Однако стоило мне упомянуть о бесправии рабочего человека в государстве, назвавшего себя "рабочим", о травле и уничтожении талантов, посмевших коснуться "запретных тем", как было приказано стереть "взбесившегося писателя" в порошок.
Правда, нам дозволили завершить фильм о морской войне, поскольку на него уже истратили семь миллионов рублей...
Режиссер-постановщик тихий и вспыльчивый Юра Щукин, сын "Ленина", – во всех фильмах Михаила Ромма, снимал в те дни массовку – "проход штрафников". Матросов с кораблей переодели в зеленое тряпье и погнали по скалистому берегу. Они ежились от ледяных брызг бешеного прибоя, белая пена шуршала под солдатской "кирзой".
Режиссер вдруг окликнул автора сценария, предложил ему встать в колонну штрафников.
– Ты же, Григорий, как есть, штрафник, – пояснил Юра – В нашей группе единственный настоящий штрафник... Художник по костюмам! – окликнул он женщину костюмера. – Оденьте автора соответственно...
Это – кино. Но кино, за которым костолом. Разбой. Настоящий, не экранный. И потому властью засекреченный...
– Проход штрафников" – снять! – распорядился, посмотрев картину, министр кинематографии товарищ Романов, в войну начальник армейского КГБ "СМЕРШ" ( "Смерть шпионам"), "у нас штрафников не было!.."
Фильм так и не смог выйти на экраны страны, пока измученный режиссер не переписал звуковую дорожку, и герои стали произносить не "штрафбат" (штрафной батальон), а "стройбат" (строительный батальон)...

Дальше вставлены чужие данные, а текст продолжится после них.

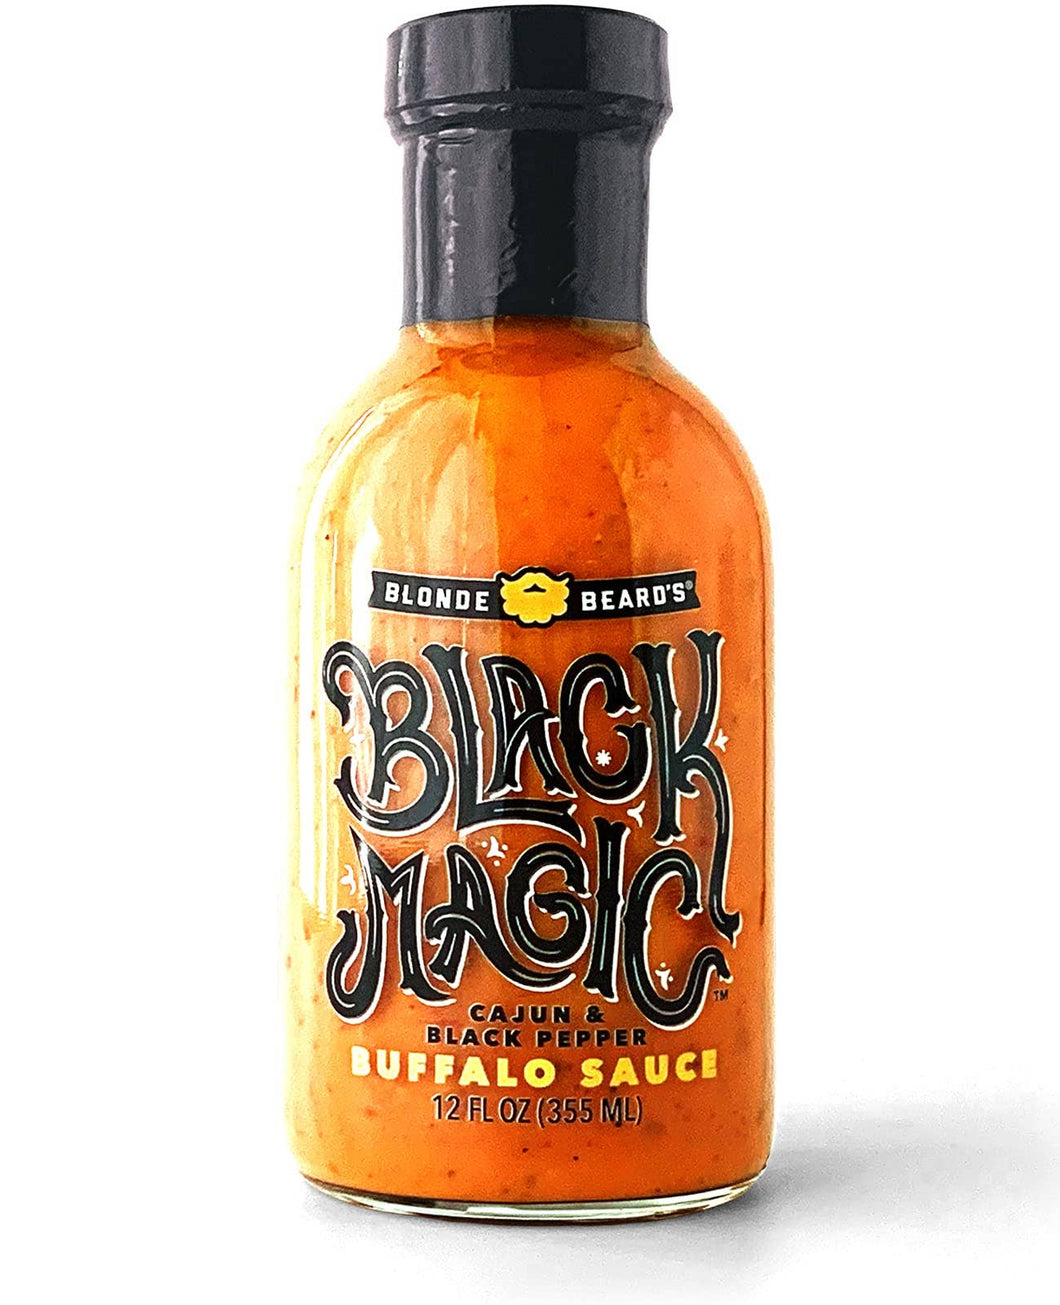 Blonde Beard's Buffalo Sauce - Black Magic Buffalo Sauce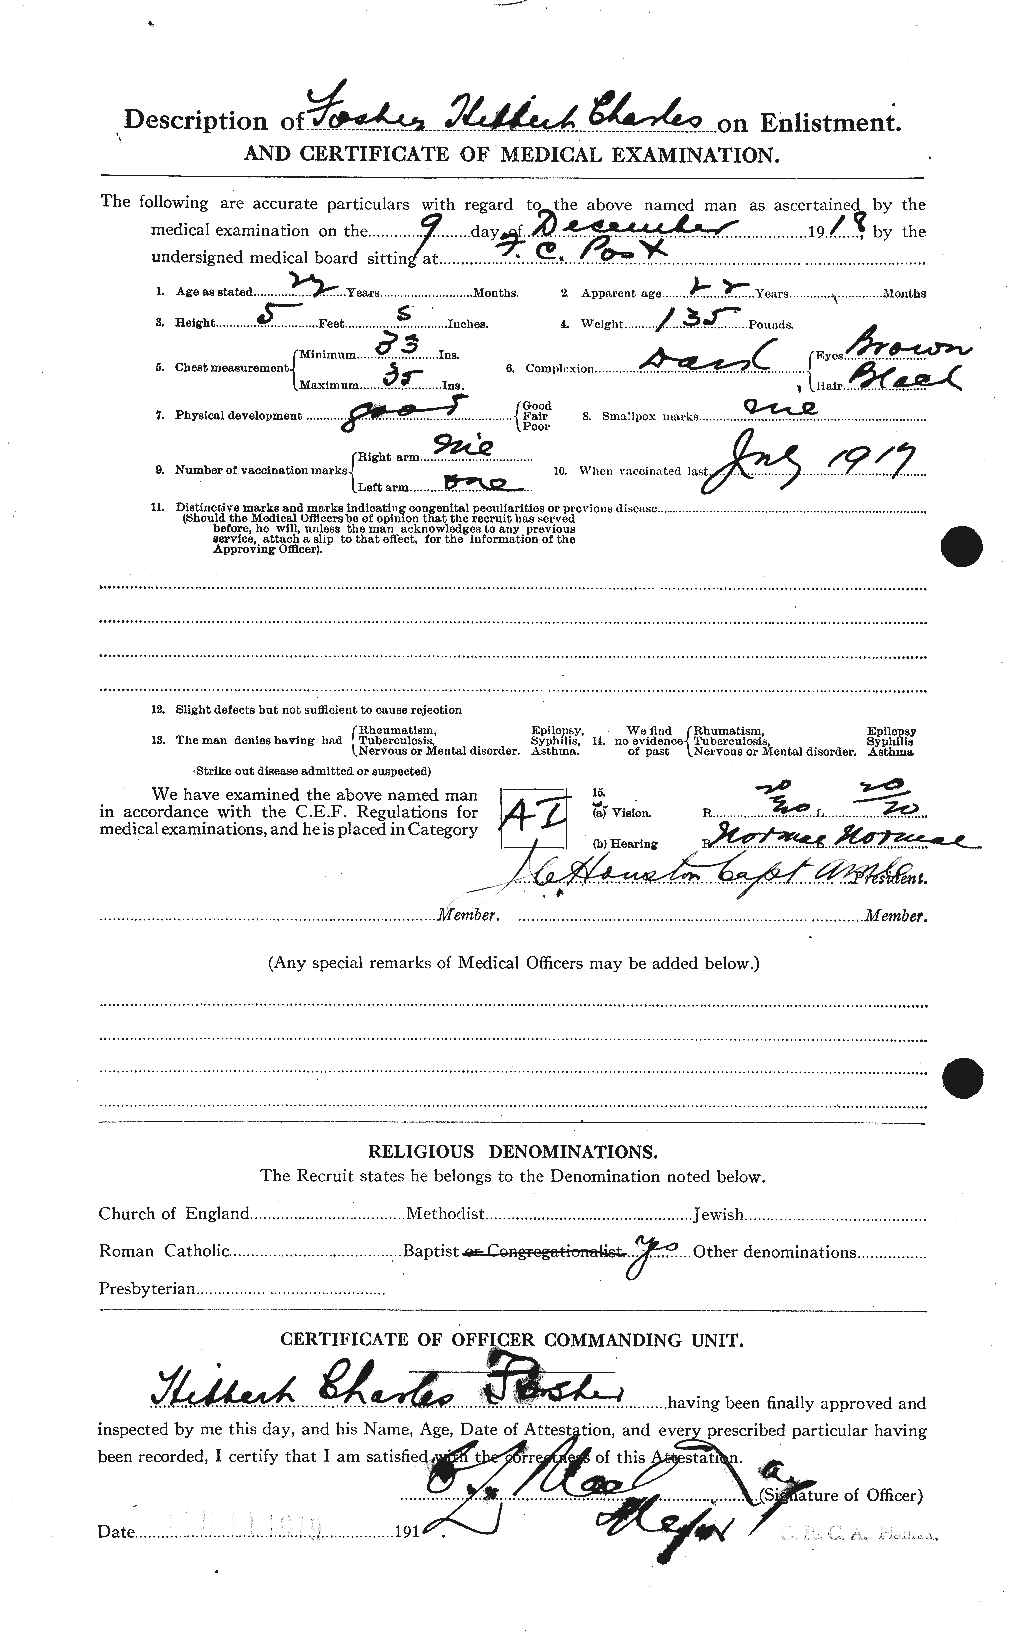 Dossiers du Personnel de la Première Guerre mondiale - CEC 333256b

– ... А писателю, – сказал министр на прощанье, – надо бы понимать... вы допрыгаетесь! Бросить члену Политбюро ЦК в лицо, да еще публично, на весь мир, что Москва, по сути, стравила Кавказ, где ненавидят и нас, и друг друга Обозвать своих руководителей "черной десяткой"... "Родными погромщиками!.." А в своей прозе вы другой? Куда в издательствах смотрели?! Нет ни фразы без издевки: Силантий ваш, каменщик на Ленинском проспекте, темнота, деревня – по вечерам, для развлечения, ходит в суд. А как, по воле автора, дерзит: "В киношку – ни-ни! Кино за деньги, и все неправда, в суде бесплатно, и все правда..."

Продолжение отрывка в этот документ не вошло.